Но Ферзен, которого крики о помощи из Тюильри уже всерьёз встревожили, знает: тогда будет поздно. Для спасения королевы нужно что–то делать немедленно. И в смятении чувств любящий делает как раз то, что погубит возлюбленную. Ибо именно те меры, которыми он хочет сдержать нападение толпы на Тюильри, ускоряют это нападение. Уже давно Мария Антуанетта настойчиво просит от союзников выпуска манифеста.
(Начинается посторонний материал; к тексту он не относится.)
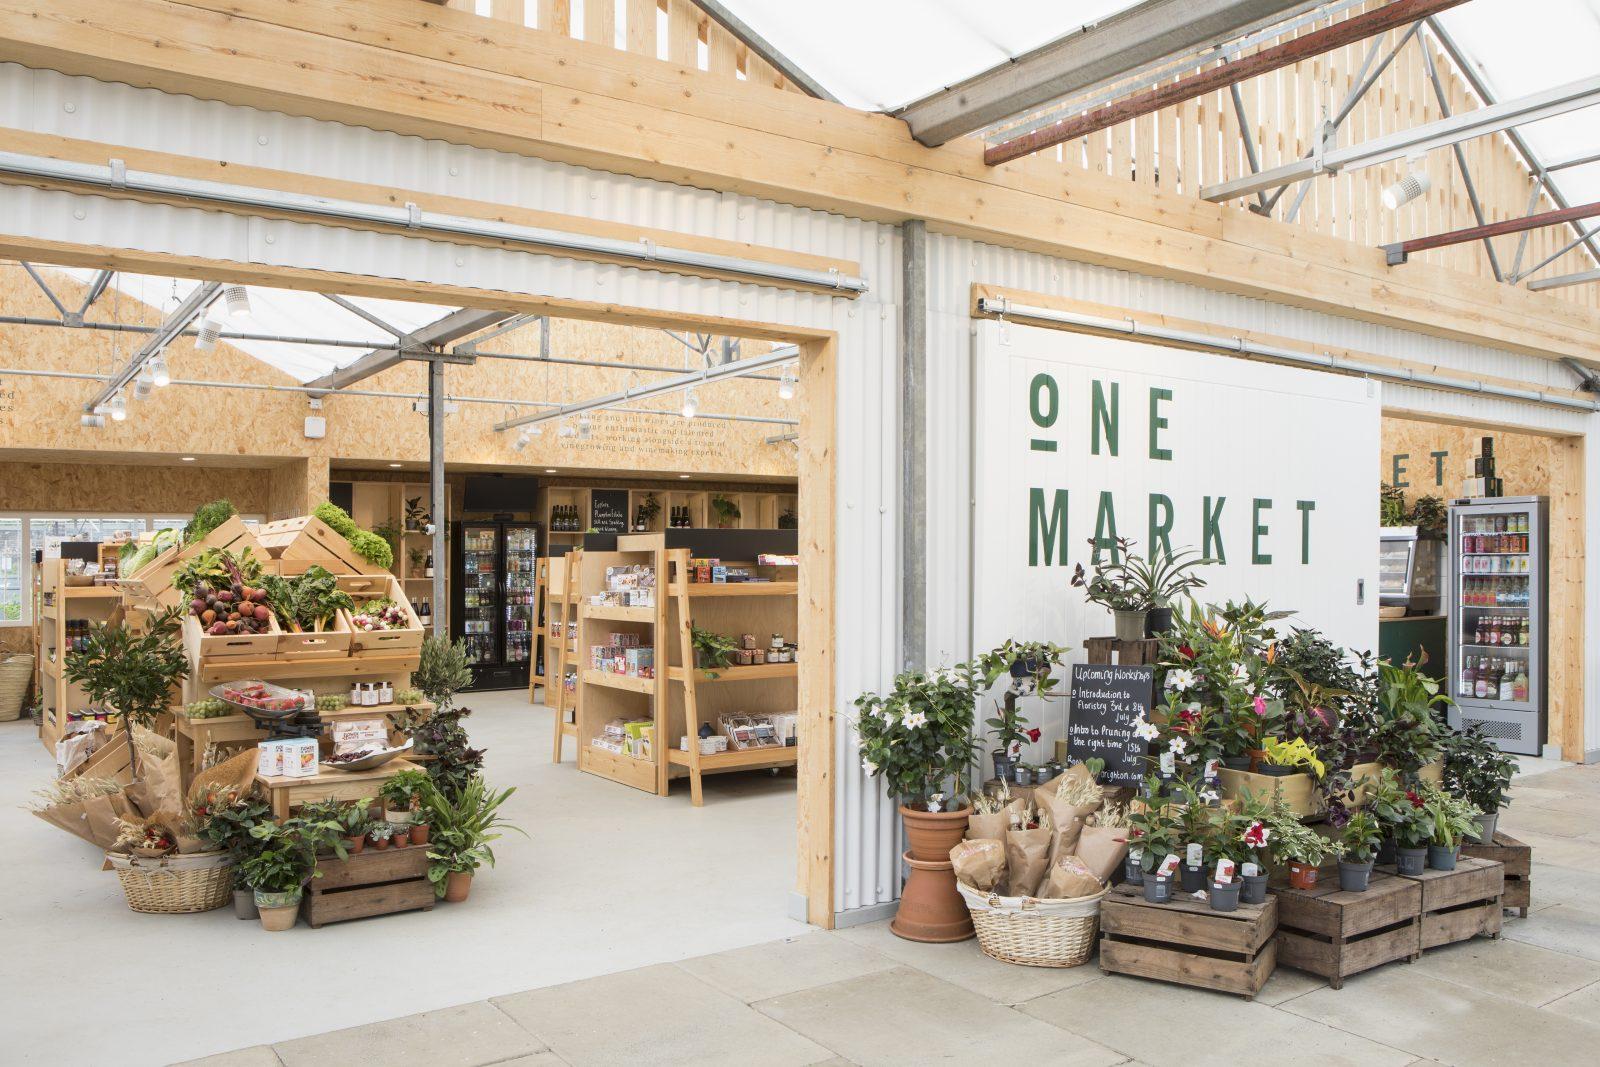 One Garden Market interiors project

Она считает, и ход её мыслей совершенно правилен, что в манифесте должна быть сделана попытка изолировать идеи республиканцев, идеи якобинцев от французской нации; это придало бы мужества благонадёжным элементам Франции (благонадёжным в её понимании), нагнало бы страх на gueux[185]. Особенно она хотела бы, чтобы не было оснований считать манифест актом вмешательства во внутренние дела Франции и чтобы в нём "по возможности меньше упоминалось о короле, не очень подчёркивалось бы, что союзники, собственно, действуют единственно для поддержки короля". Она мечтает о дружественном разъяснении для французского народа и одновременно об угрозе террористам.